71 The investigating judge in Turin opened the criminal proceedings and ordered expert opinions on the causes of the fire, but then handed the case over to the public prosecutor in Genoa for jurisdictional reasons. There, the investigative judge closed the proceeding in December 2018 after an appeal,
72 holding that it would be hard to argue in court that the issuing of the SA-8000 certificate had been causal to the fire. In her view, RINA Services could not have prevented the factory’s continued operation in the absence of adequate safety conditions for workers, and therefore RINA could not have prevented the fire. With regard to the RINA top manager under investigation, the judge did not see sufficient evidence to indicate that he had been aware of the alleged falsification of the audit report, which was the basis for the issuance of the SA-8000 certificate.
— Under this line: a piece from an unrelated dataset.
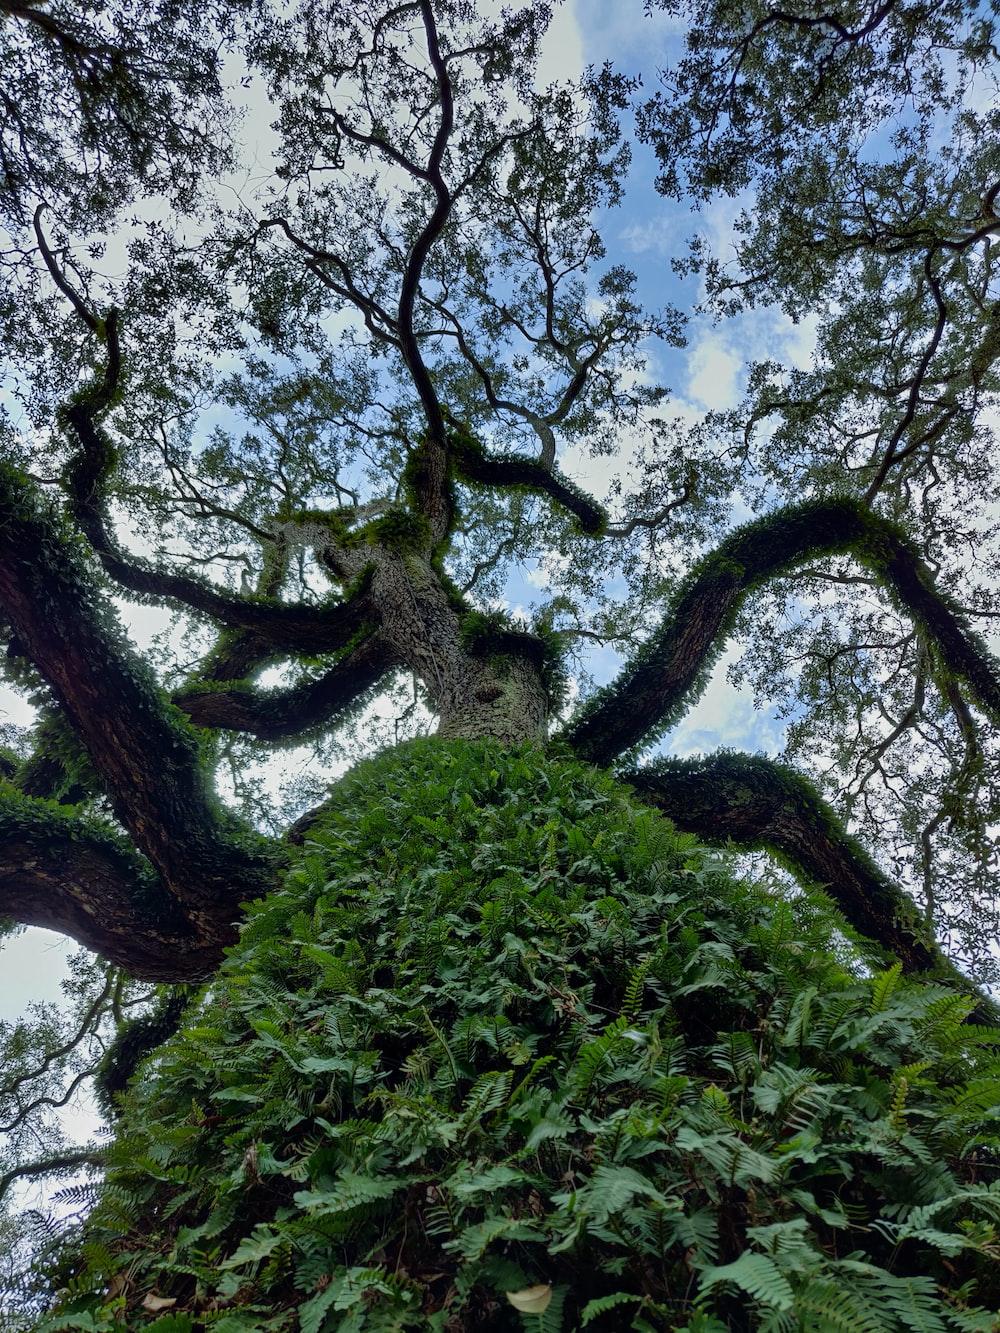 brown tree bark with moist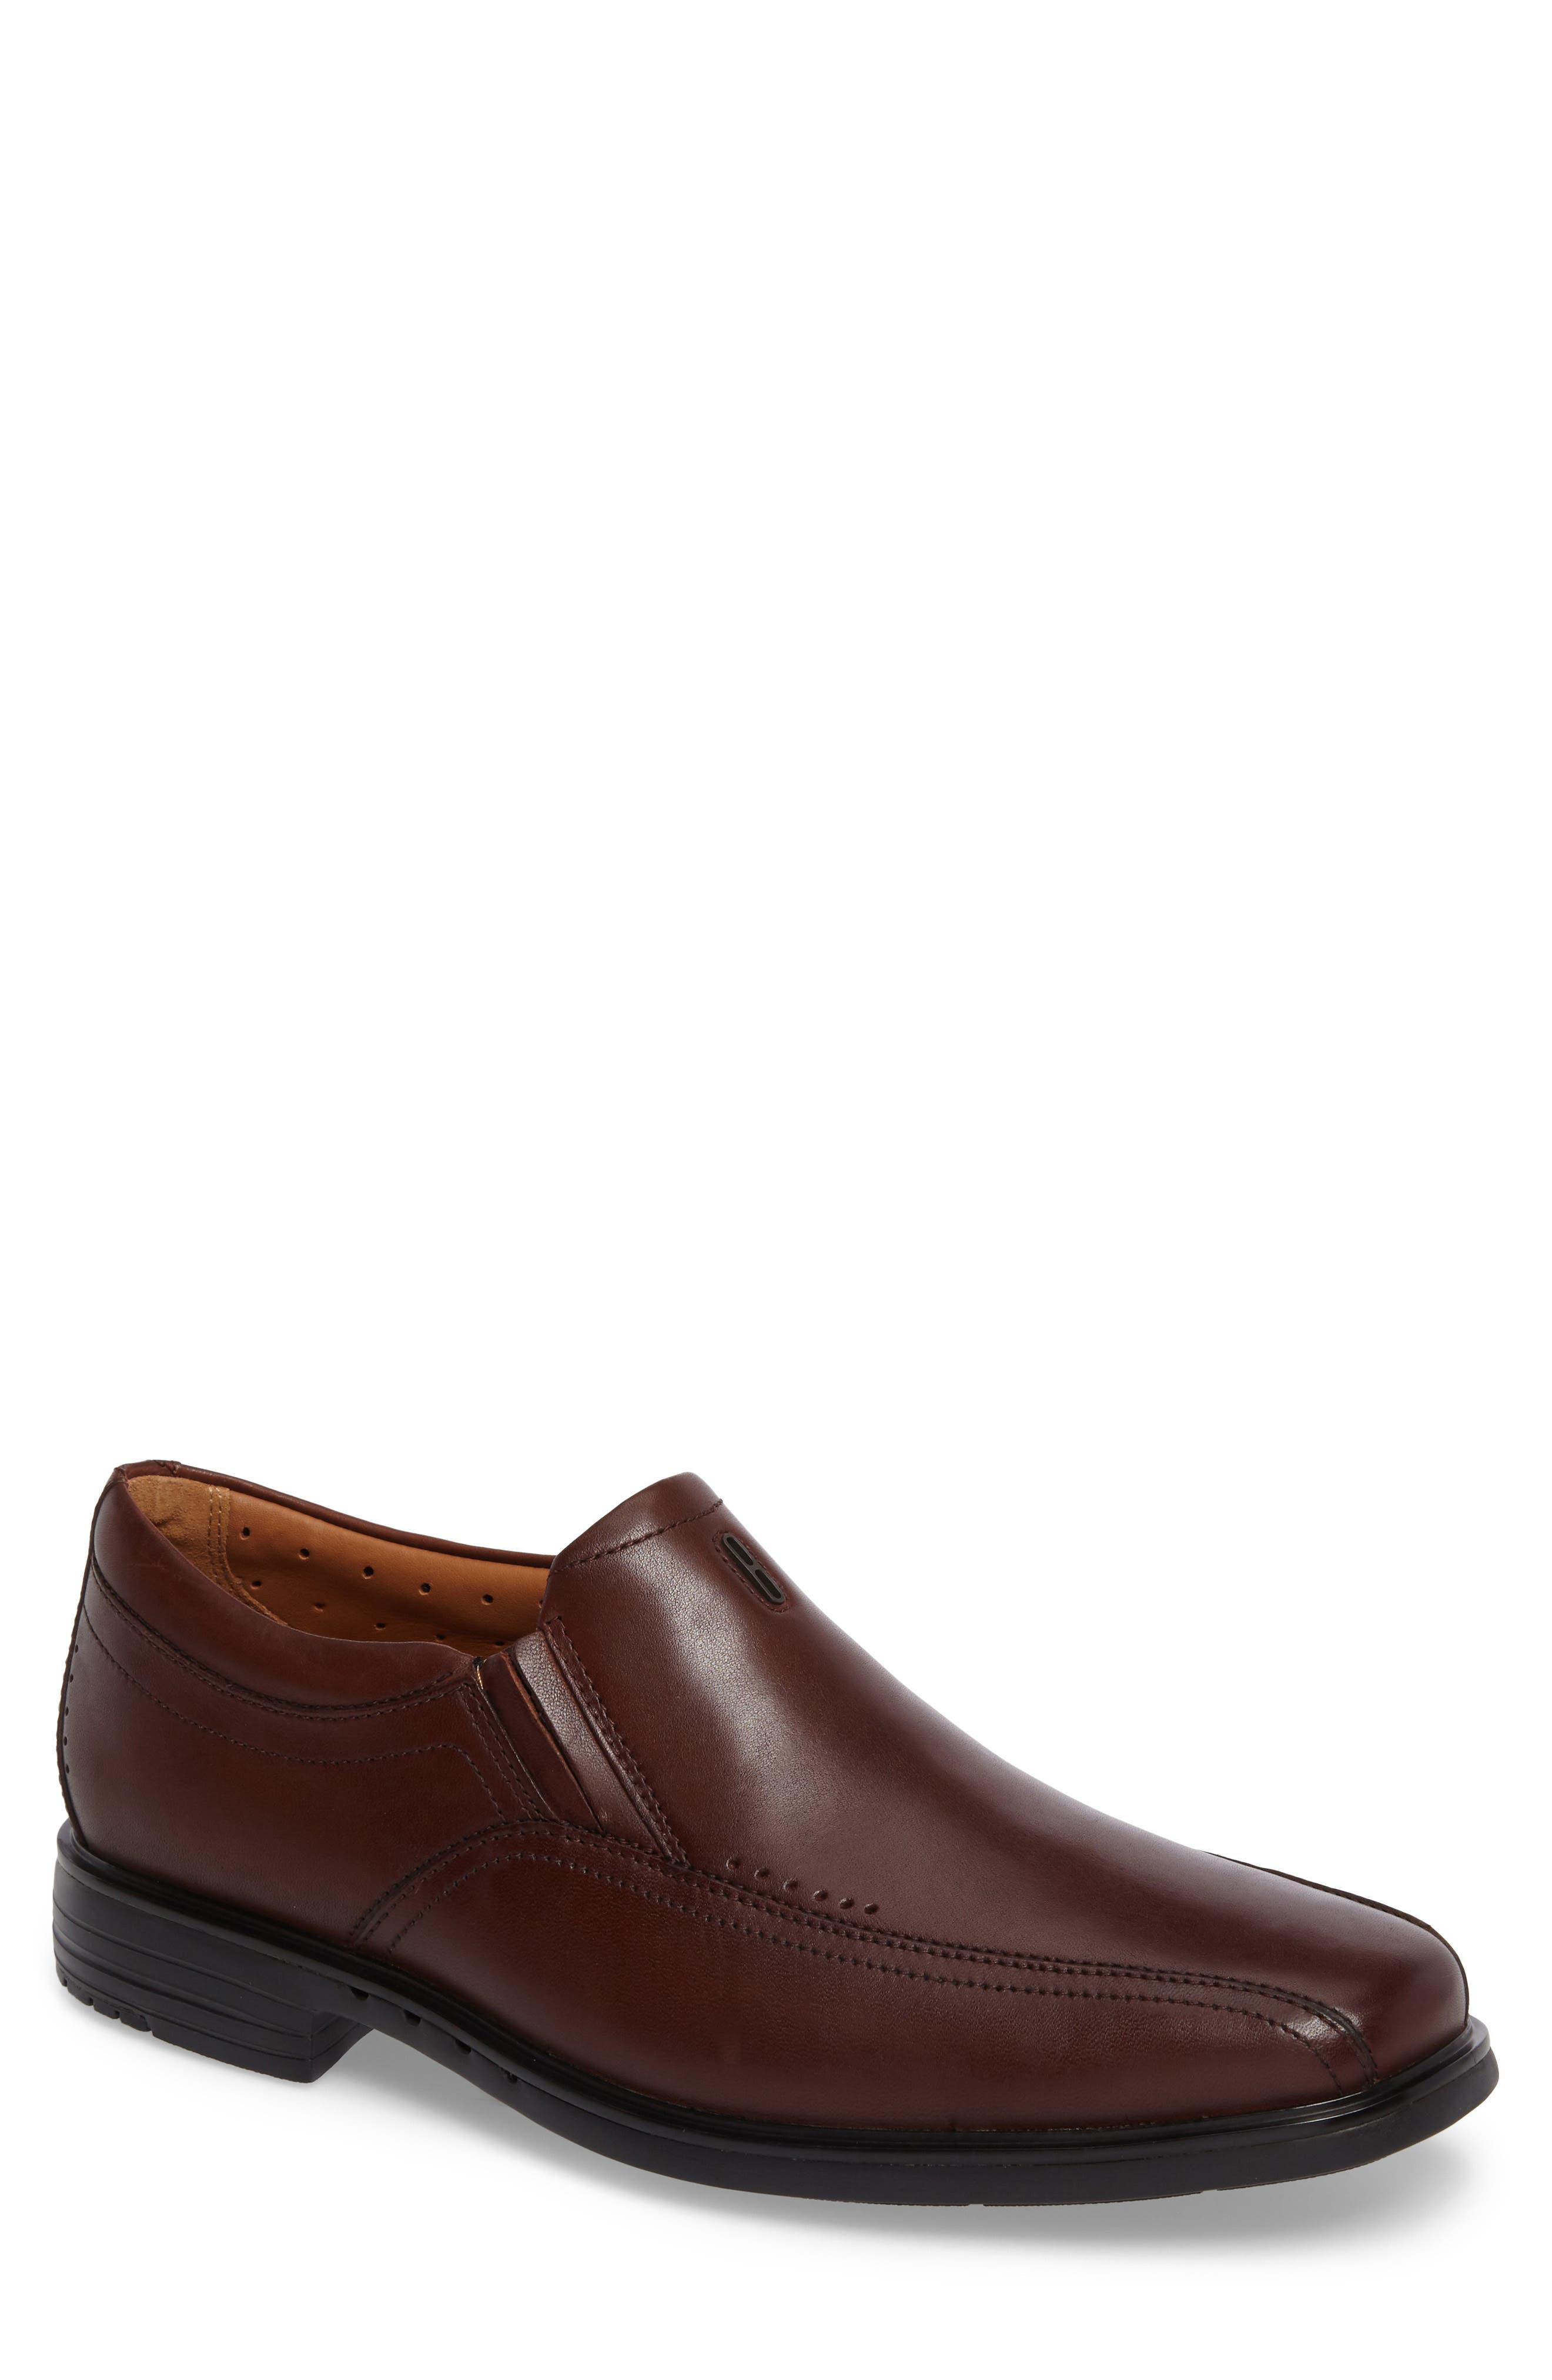 Main Image - Clarks® Un.Sheridan Go Loafer (Men). Black Leather ...

Furthermore, in her assessment, RINA managers did not commit the crime of giving a “false statement,” as the certification was not legally mandatory, but only issued upon the voluntary request of individual companies, mostly driven by market demand.
As RINA’s activities are not only subject to Italian criminal jurisdiction, but also to the OECD Guidelines for Multinational Enterprises because Italy is an OECD member state, the above-mentioned organisations, together with a broader international coalition, filed a complaint against RINA with the OECD National Contact Point in Italy in September 2018. While the National Contact Point treated the complaint in a very swift but thorough manner, RINA management also proved to be very reluctant to accept any responsibility under the soft law standard of the OECD guidelines. The parties, therefore, did not reach an agreement in the negotiations.